**ACTION ITEM**
Copy out the data word for word, without any of its pictures.

**DATA SECTION**
....................

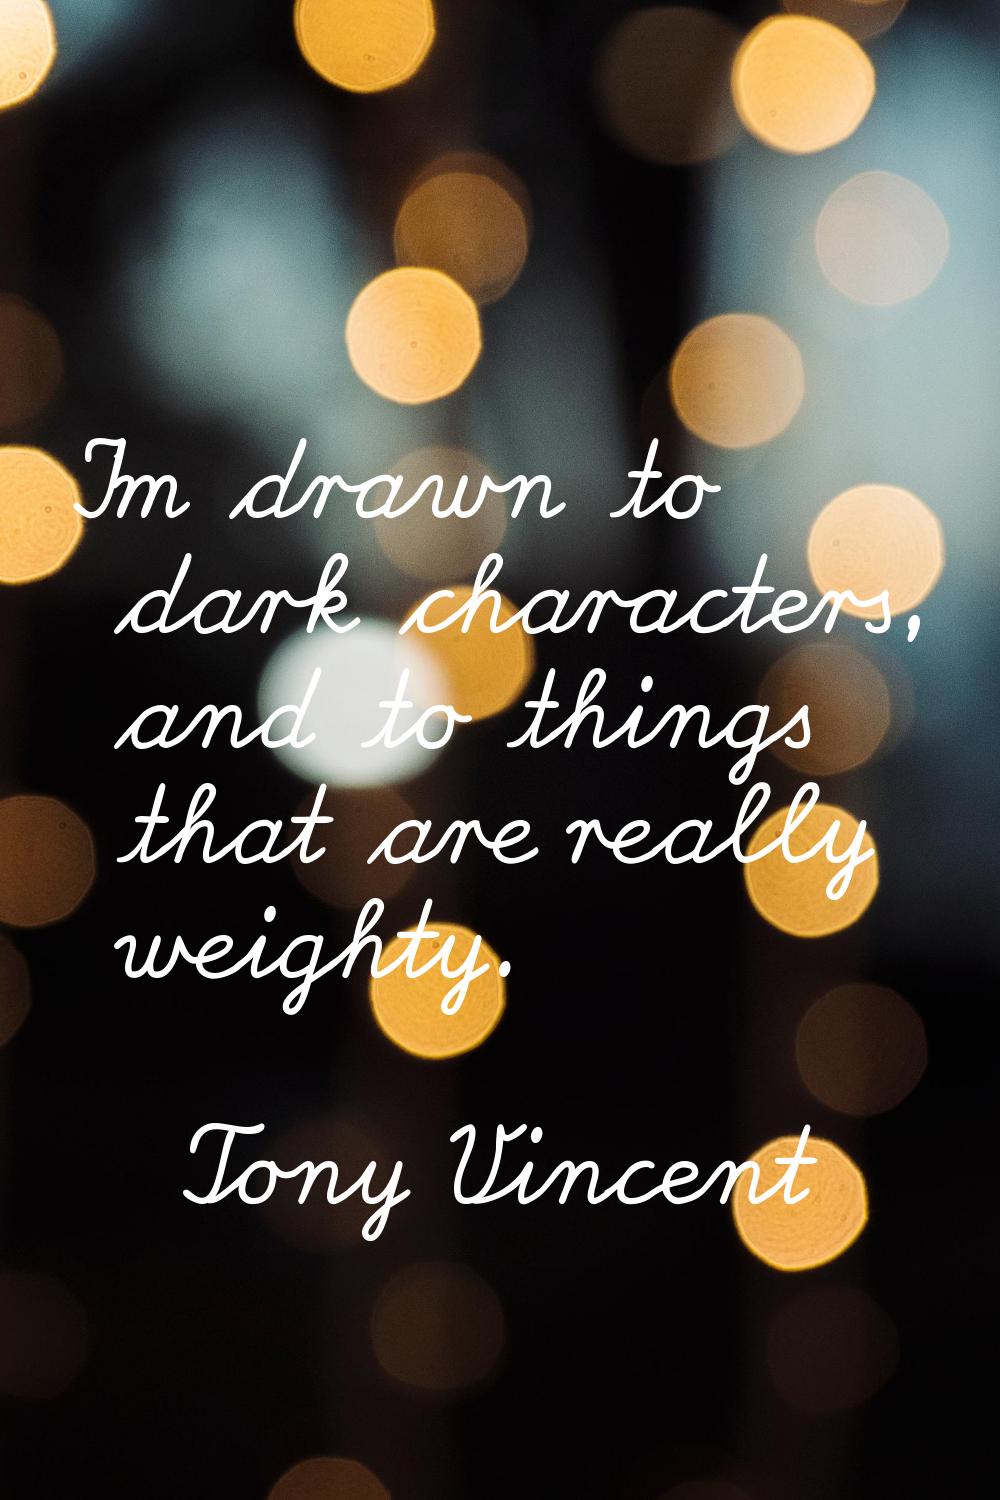 I'm drawn to dark characters, and to things that are really weighty.
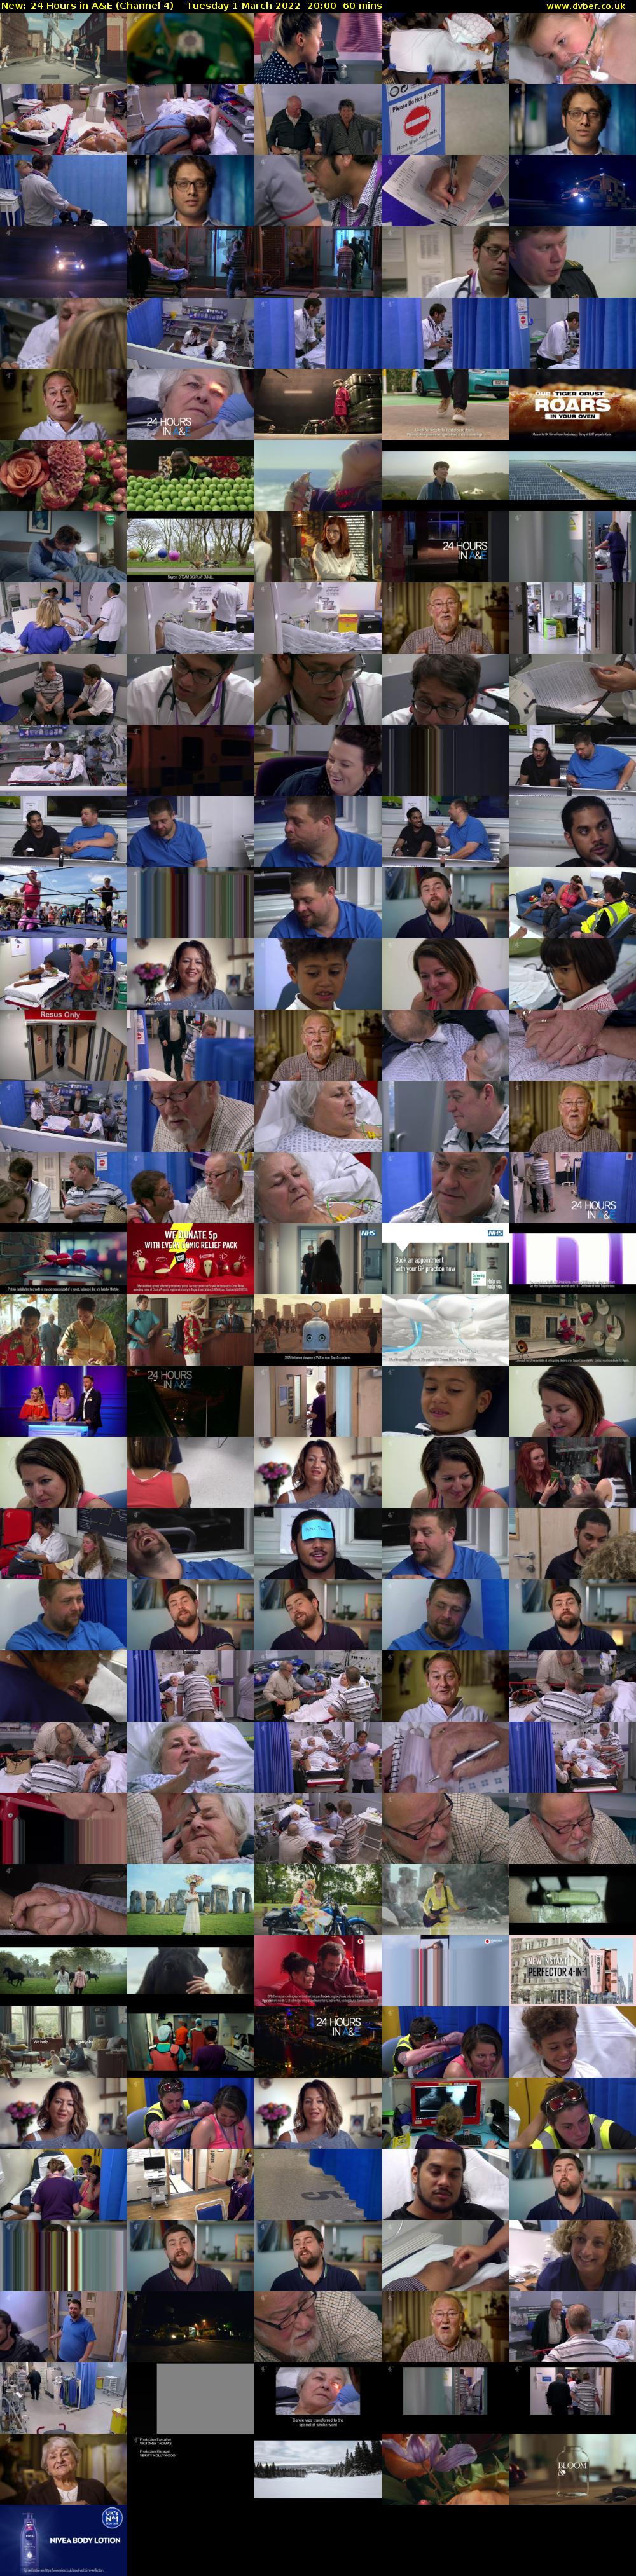 24 Hours in A&E (Channel 4) Tuesday 1 March 2022 20:00 - 21:00
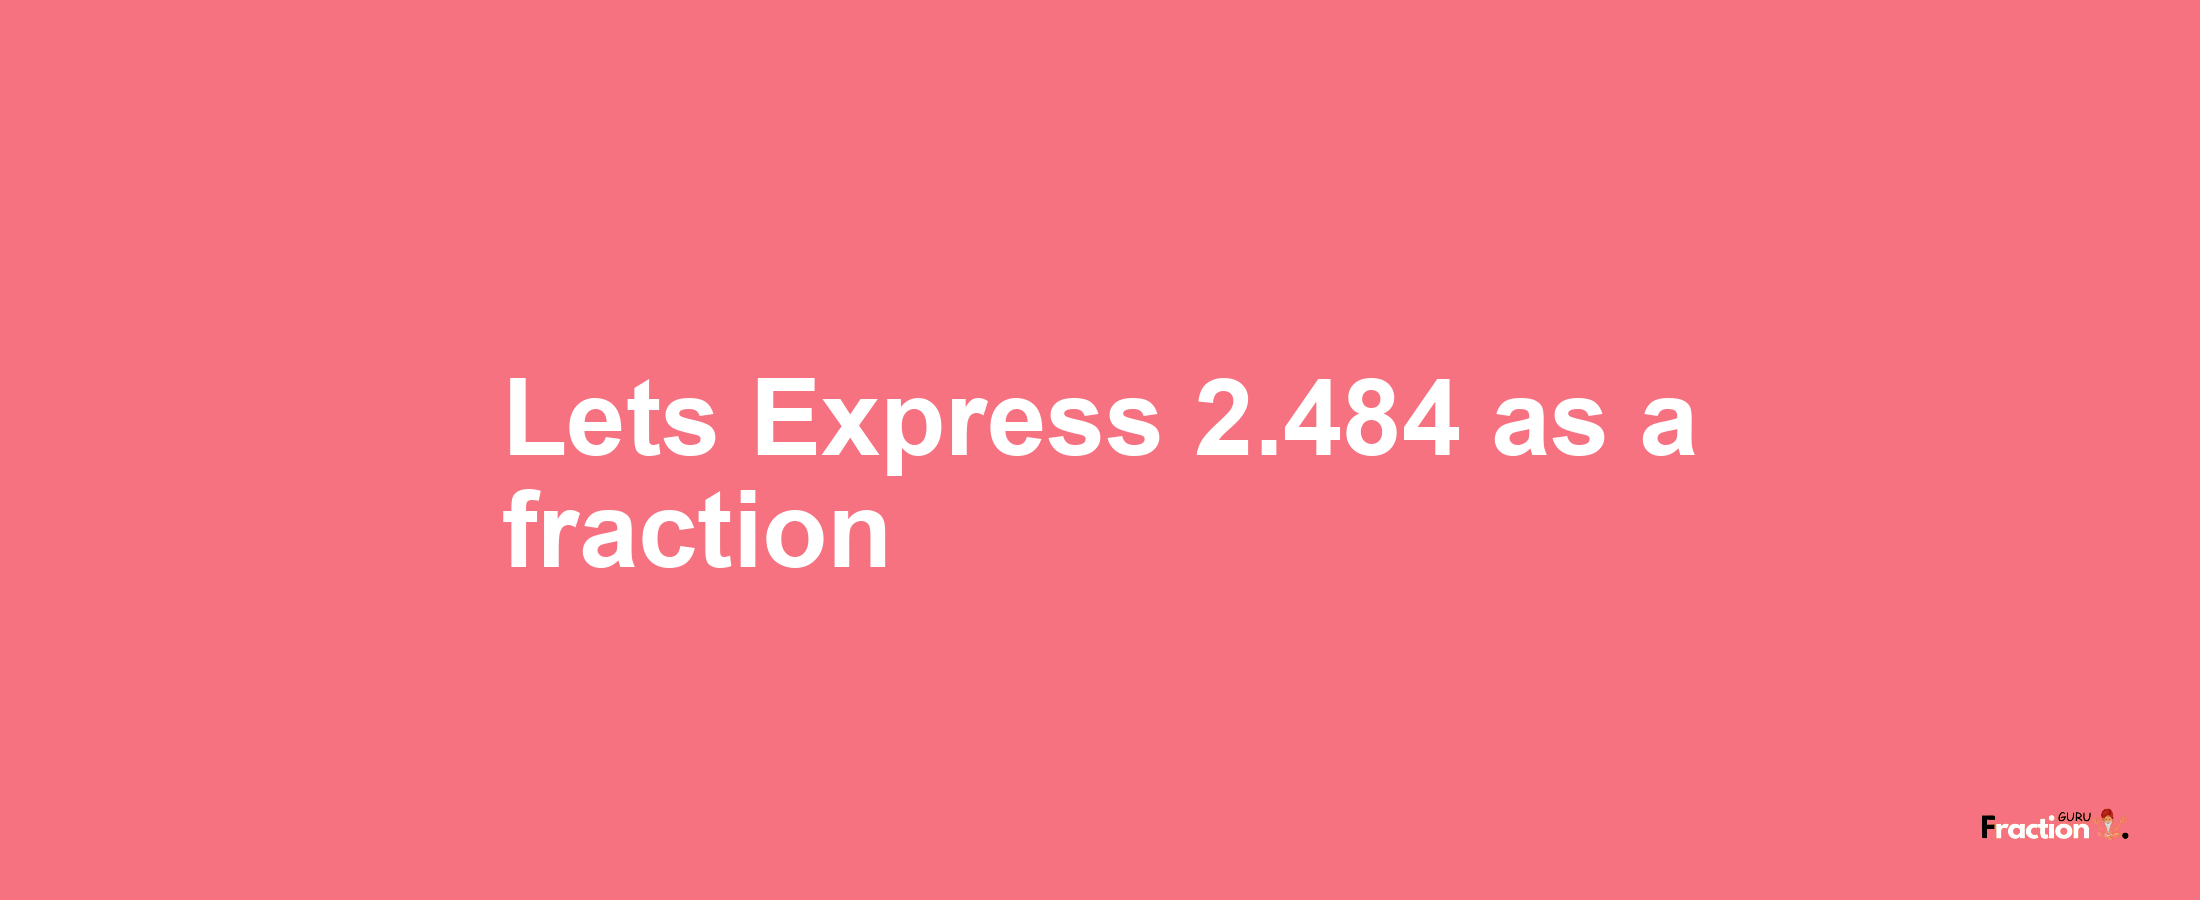 Lets Express 2.484 as afraction
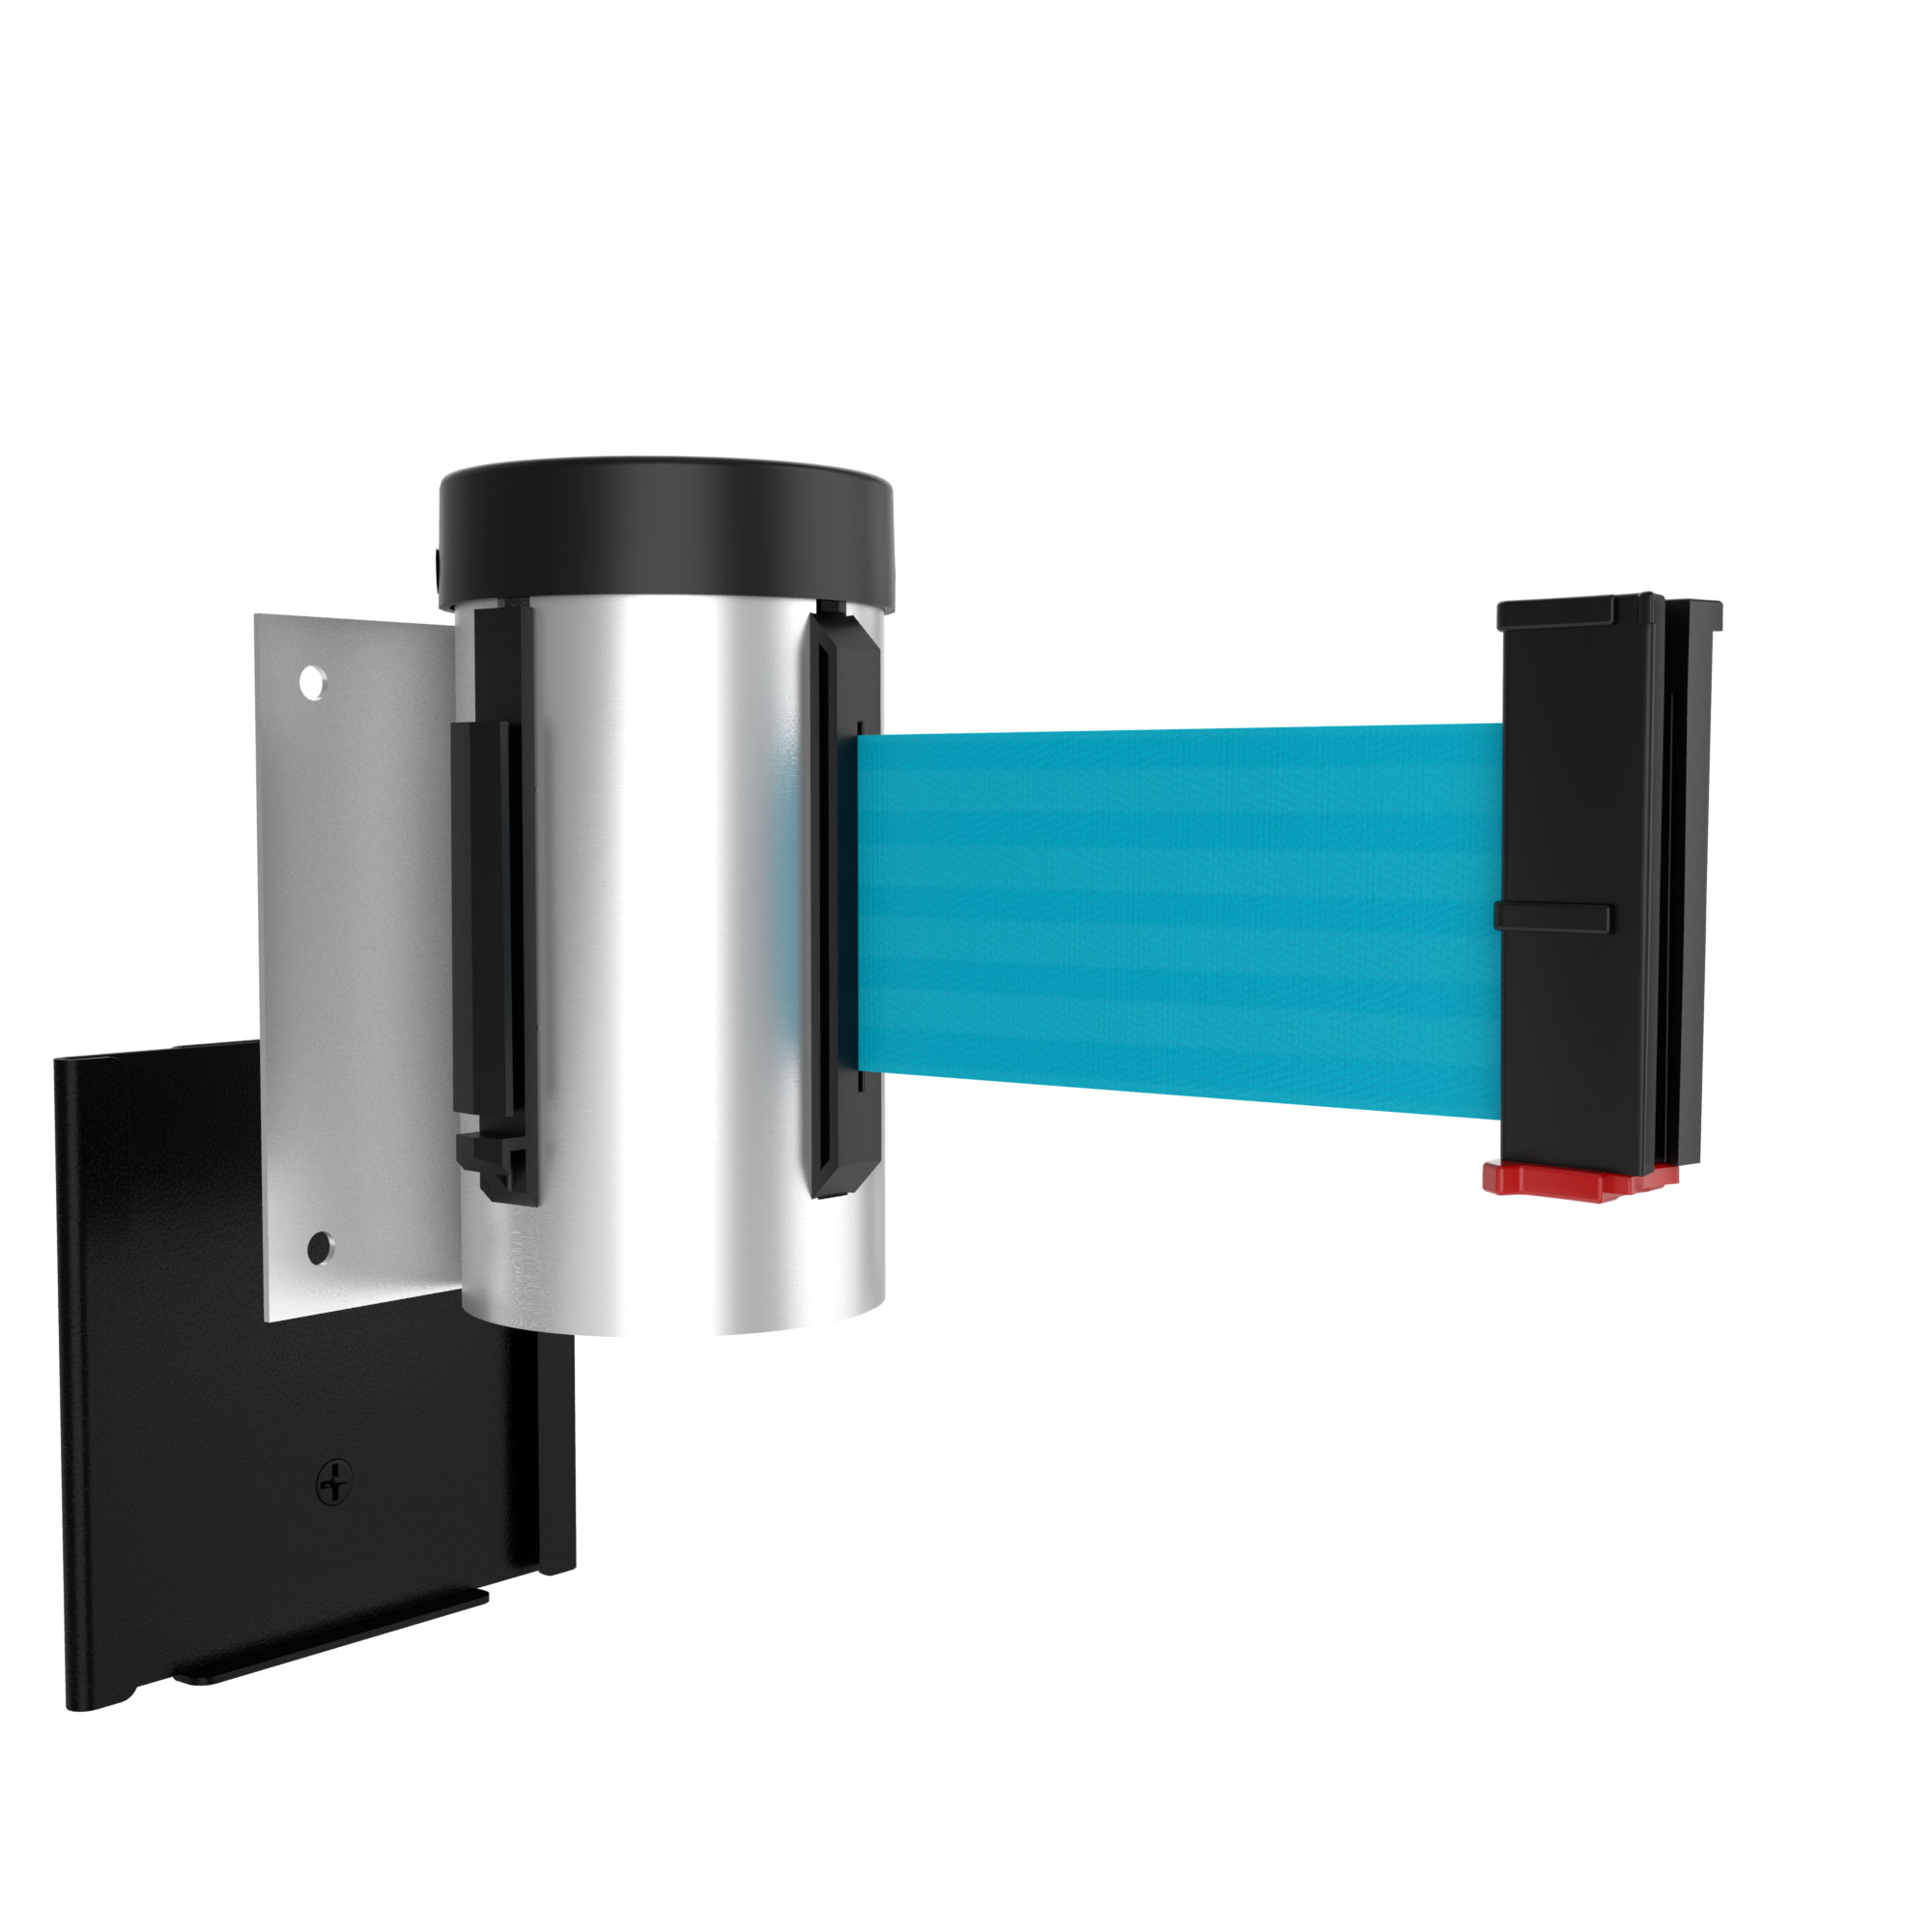 Wall Mounted Retractable Barriers | Caution/Danger Tape Barriers

....................

**SOLUTION TO THIS TASK**
 I'm drawn to dark characters, and to things that are really weighty.
 24 Hours in A&E (Channel 4) Tuesday 1 March 2022 20:00 - 21:00
 Lets Express 2.484 as afraction
 Wall Mounted Retractable Barriers | Caution/Danger Tape Barriers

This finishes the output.